*** Opening SUPPLIED MATERIAL ***
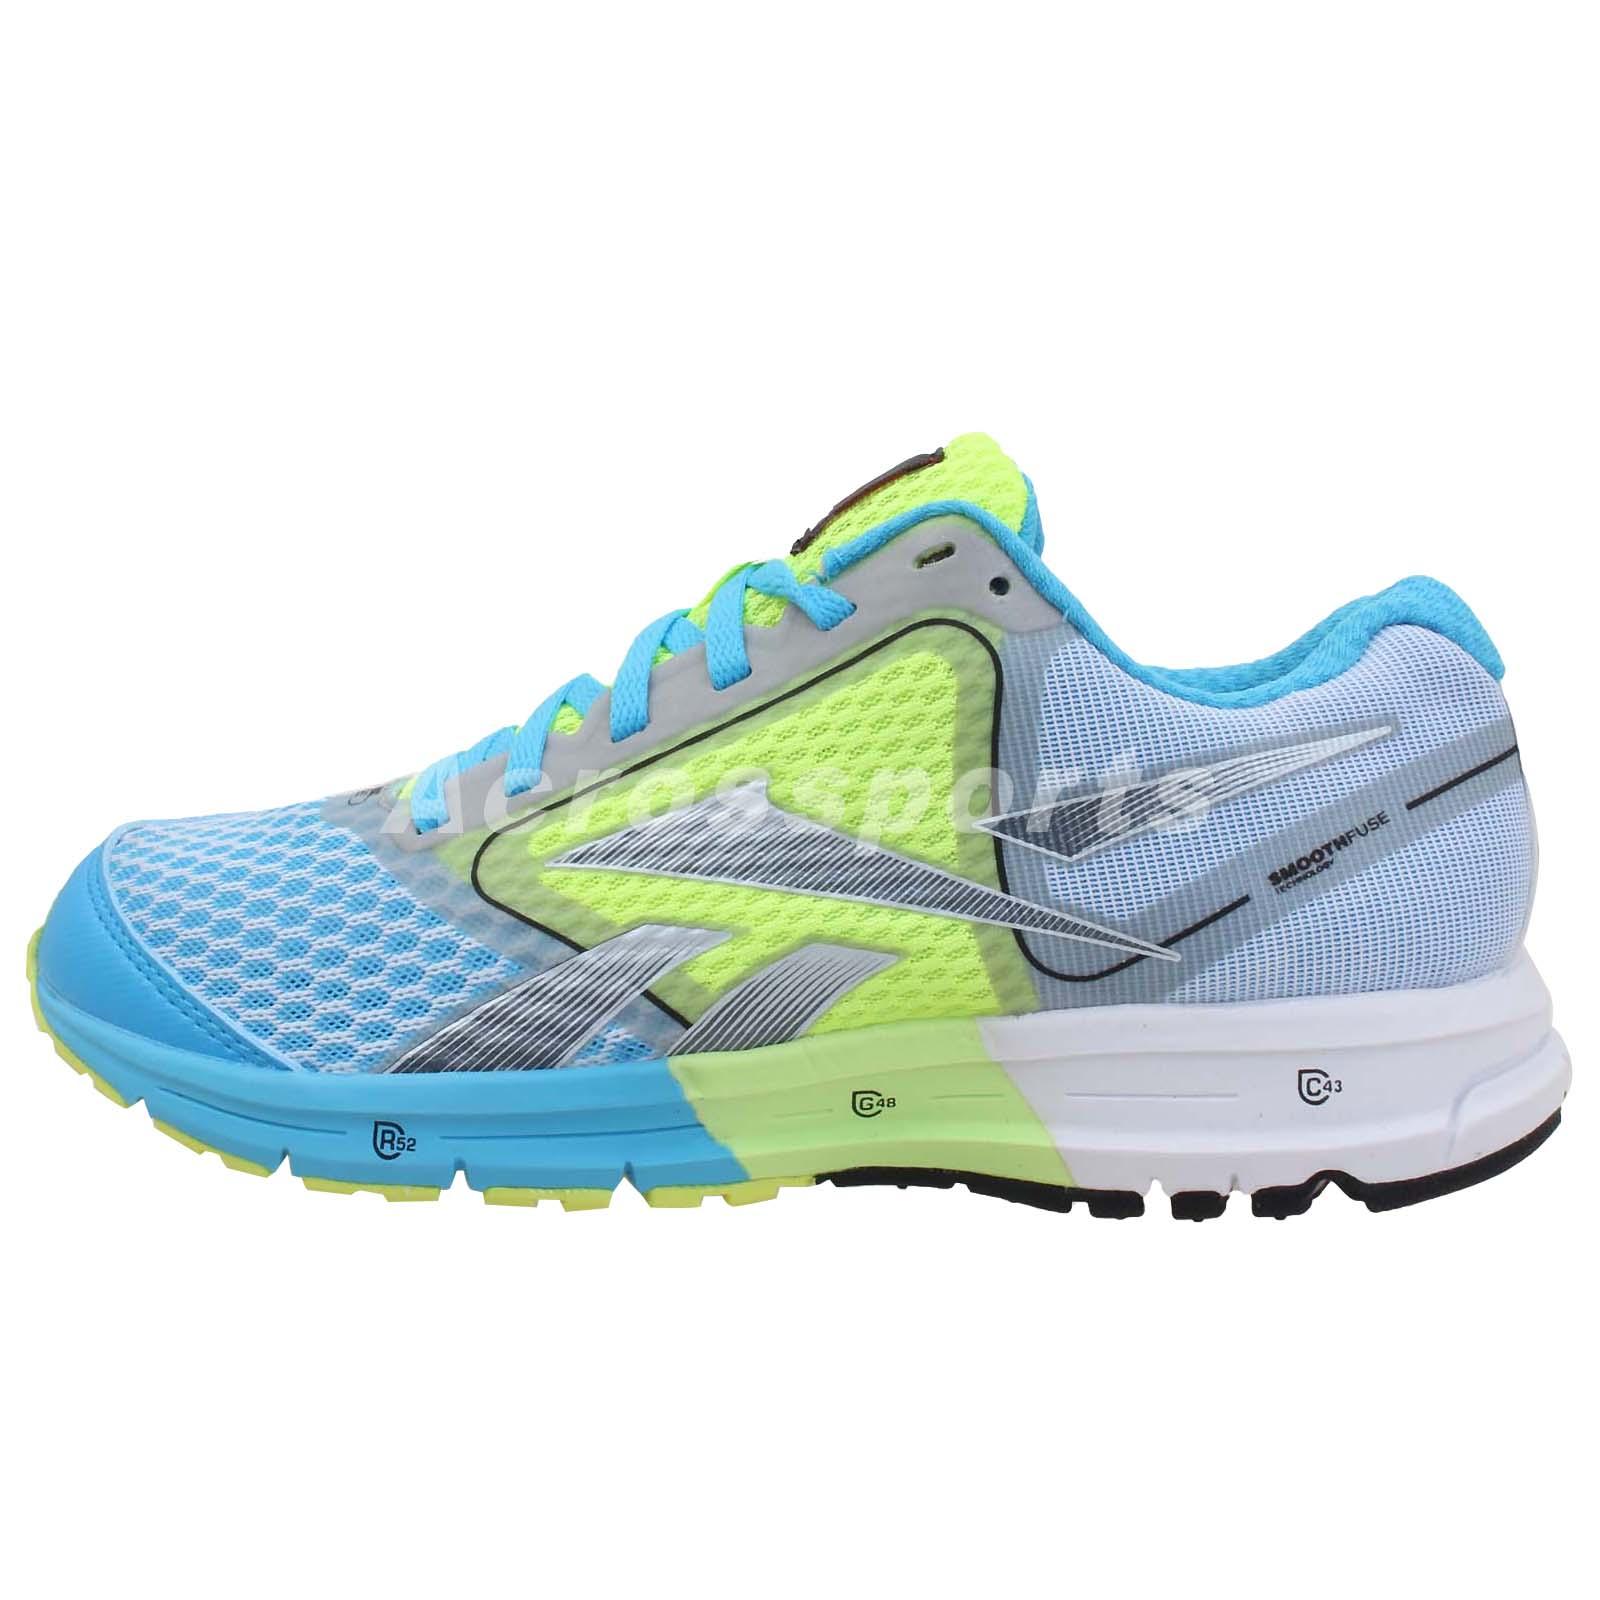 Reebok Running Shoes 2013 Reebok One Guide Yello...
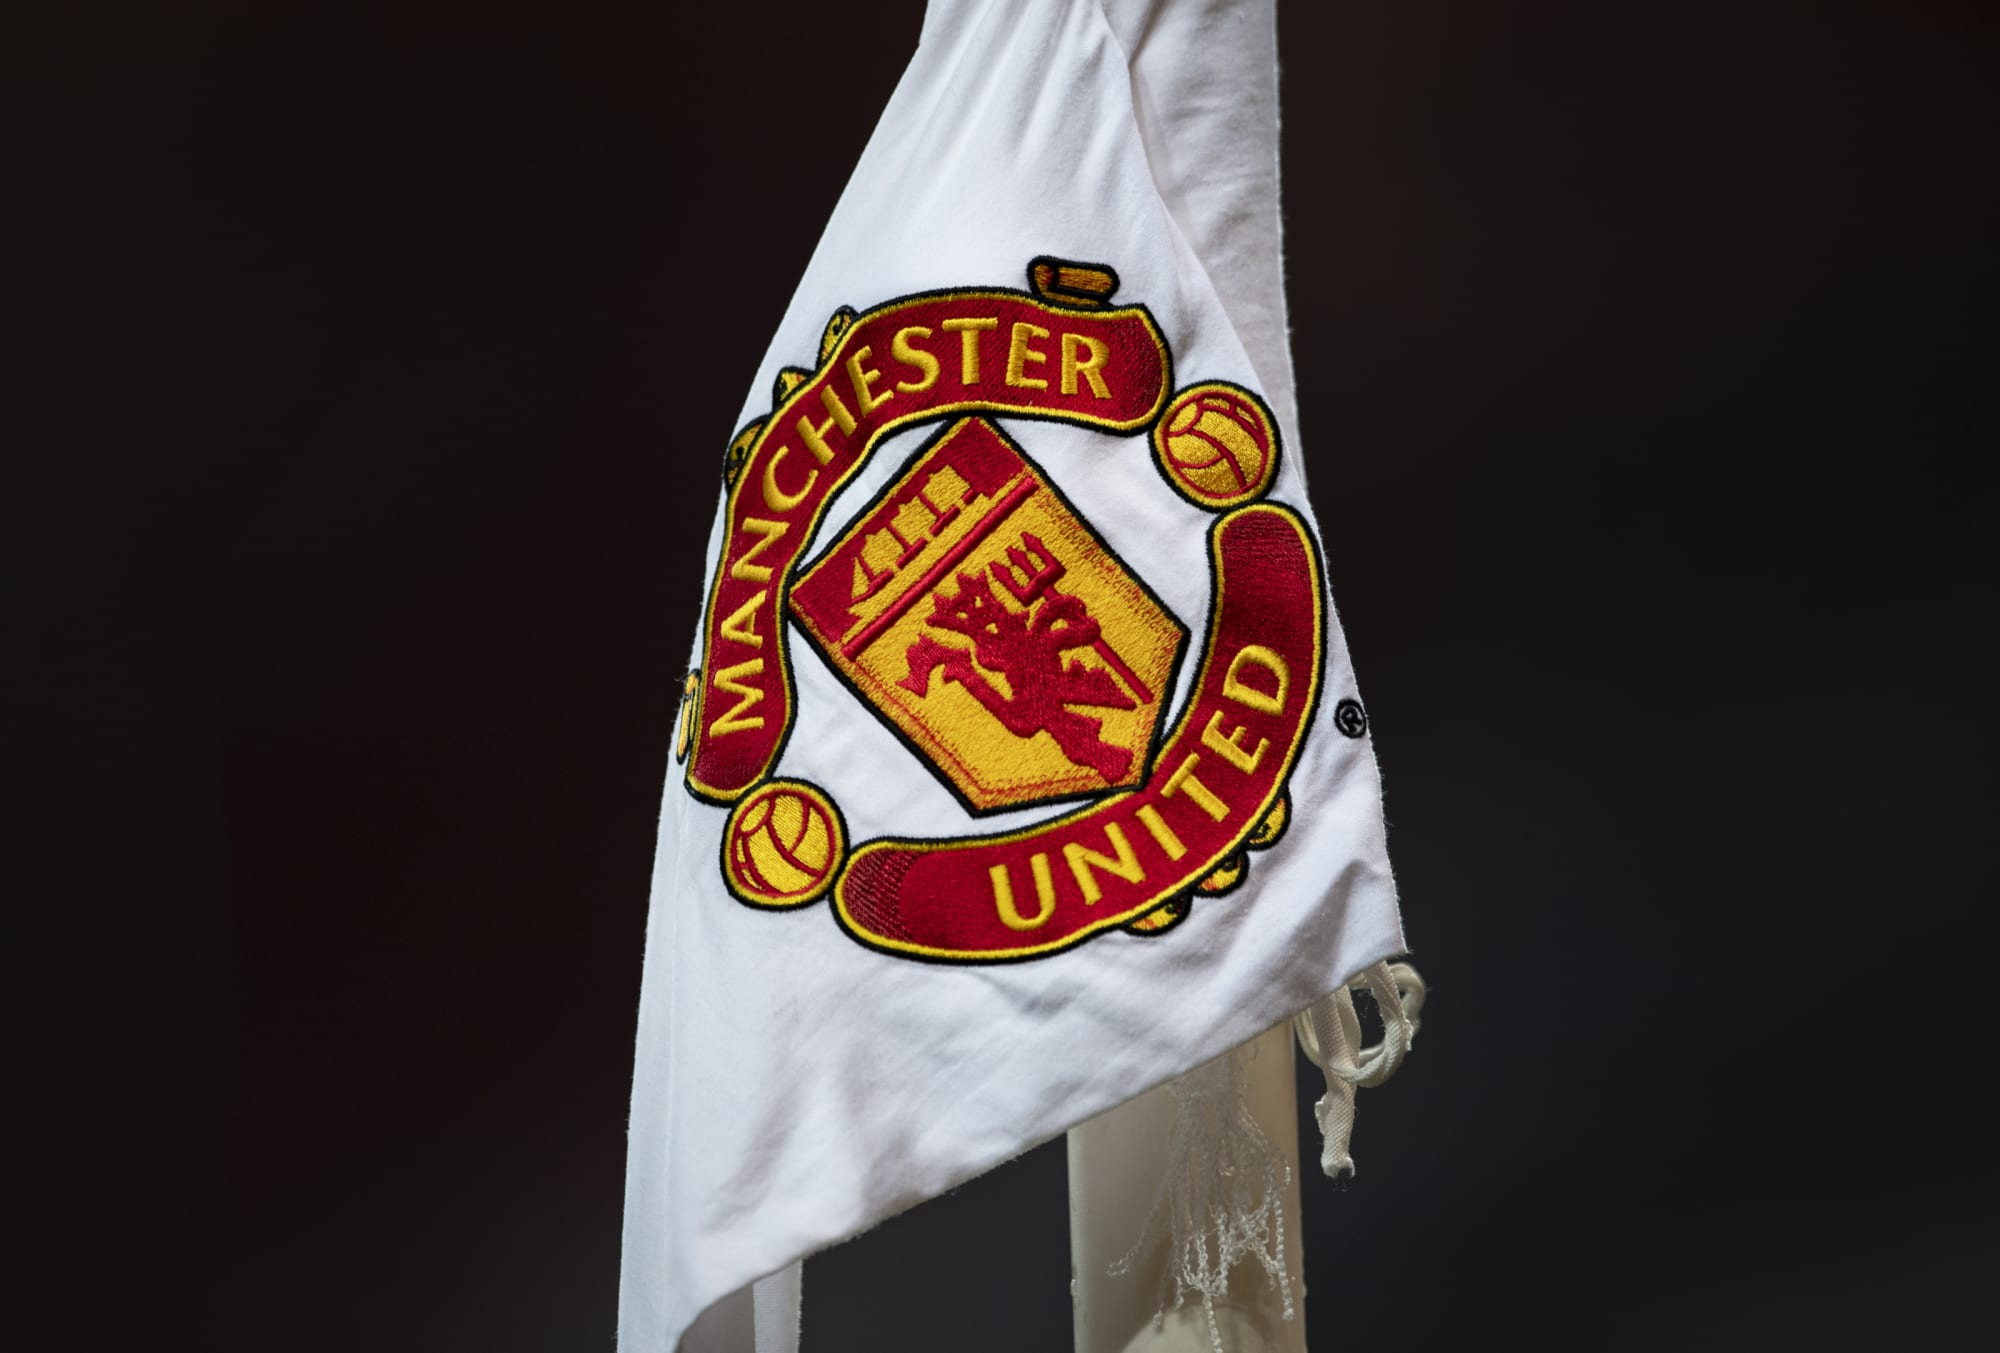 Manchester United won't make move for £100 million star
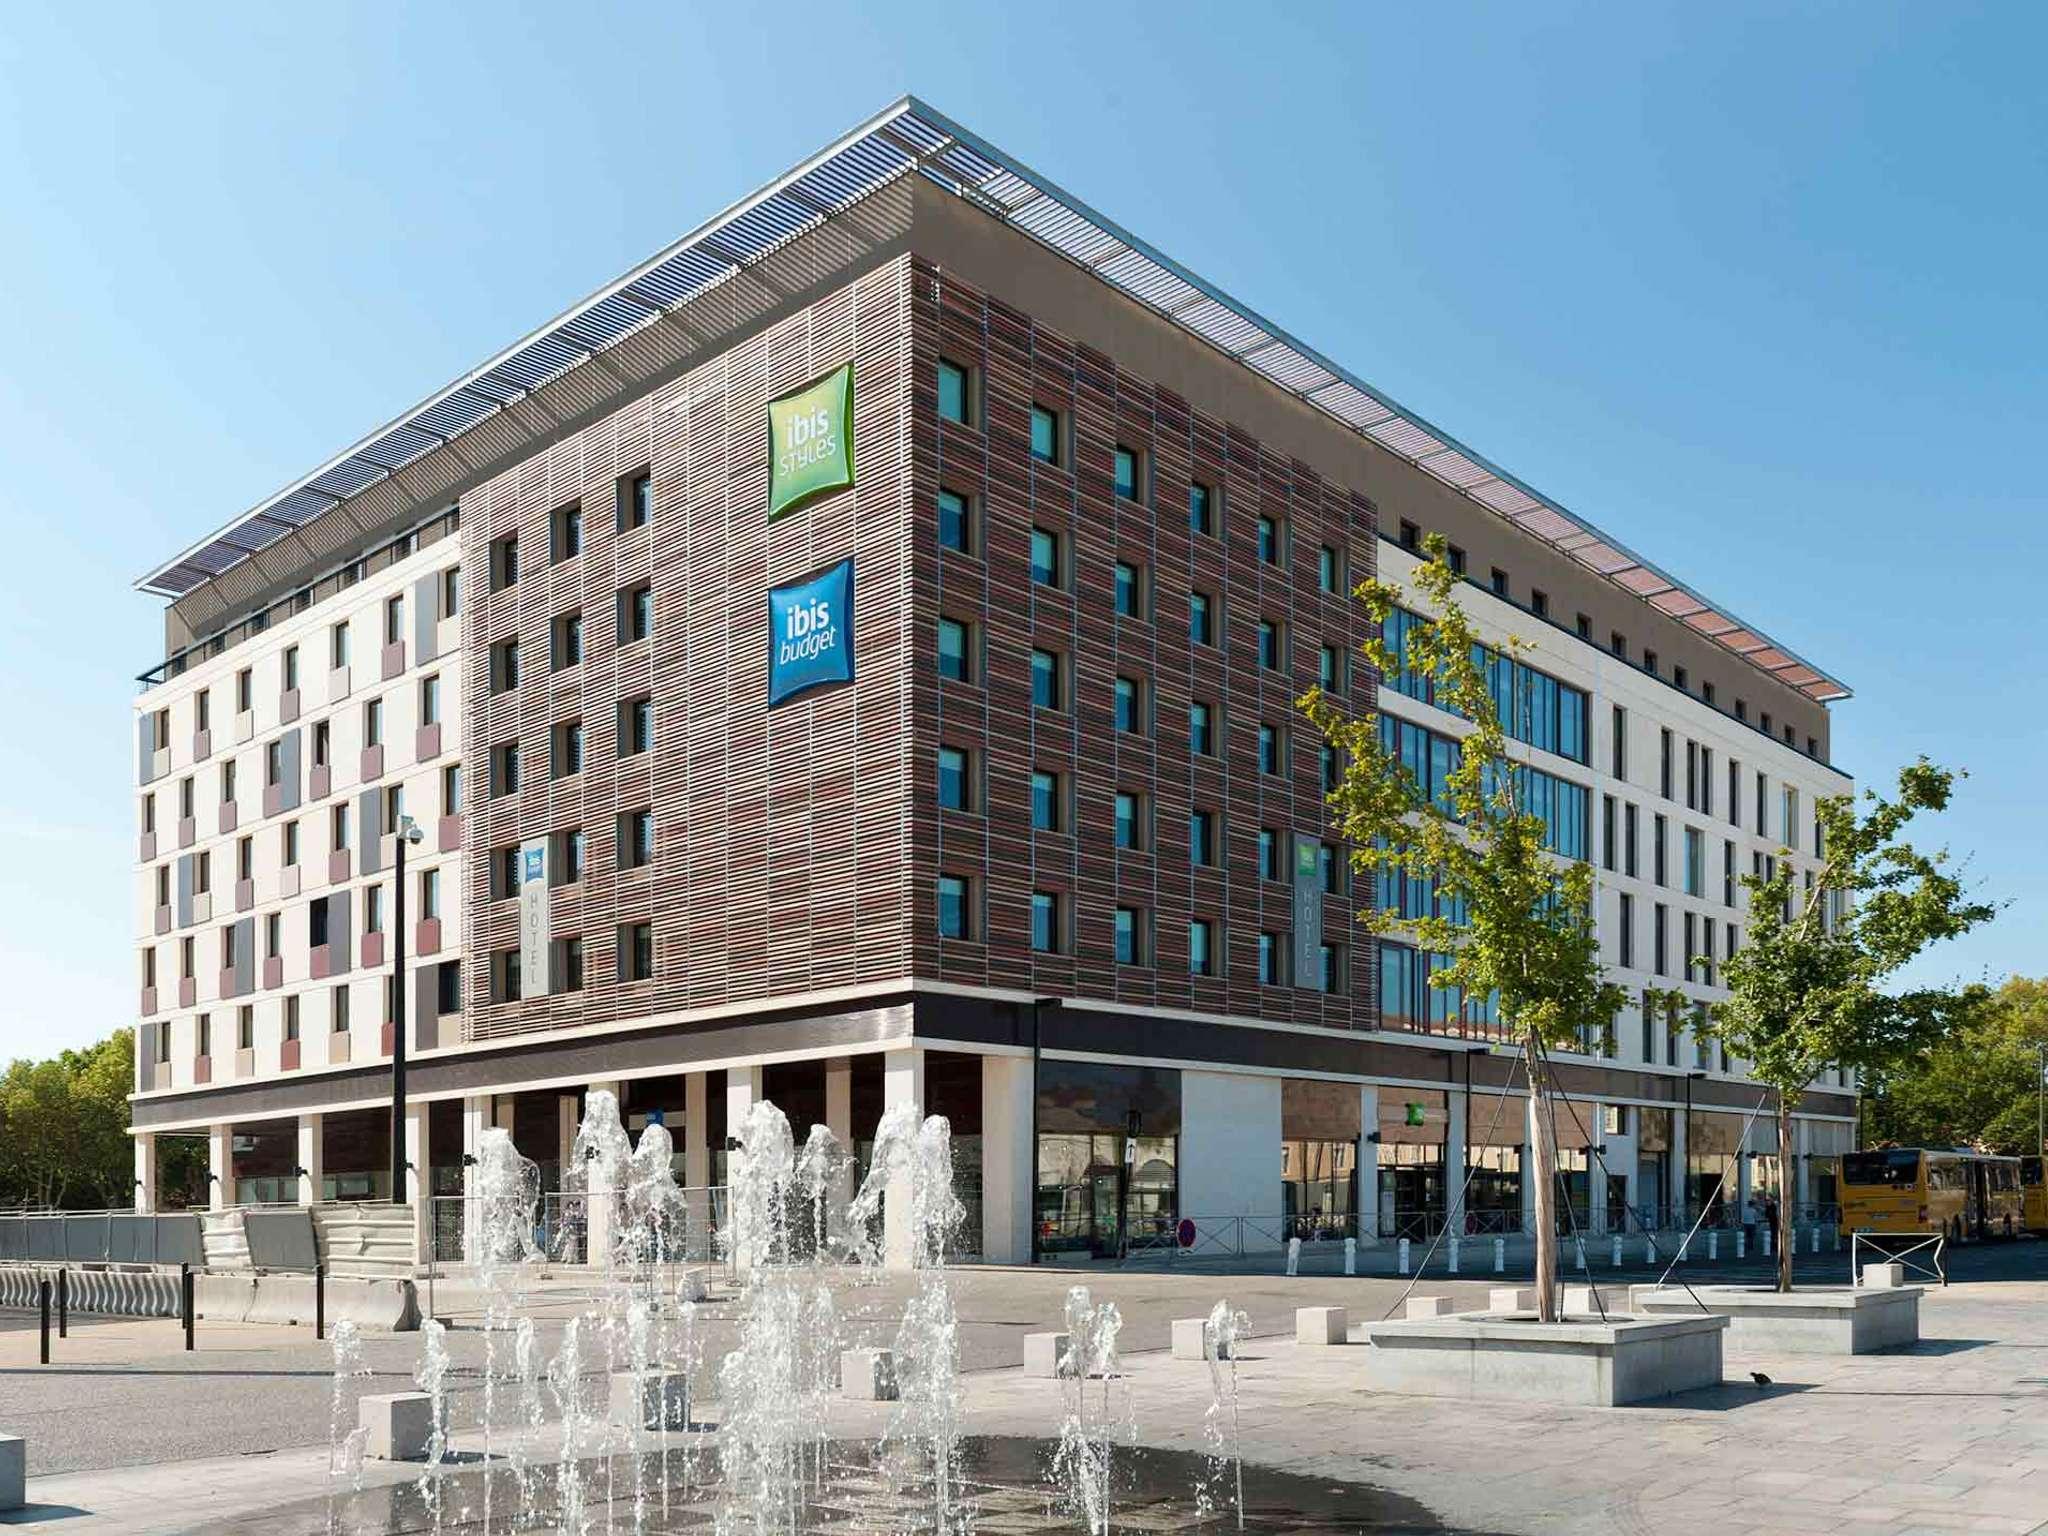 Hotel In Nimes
*** Closing SUPPLIED MATERIAL ***
(WORK INSTRUCTION) Reproduce exactly and only the lines from the line that contains "Manchester United won't" to the end of the data above, both ends included. No pictures go in the copy.

(RESPONSE FOR THIS EXERCISE)
 Manchester United won't make move for £100 million star
 Hotel In Nimes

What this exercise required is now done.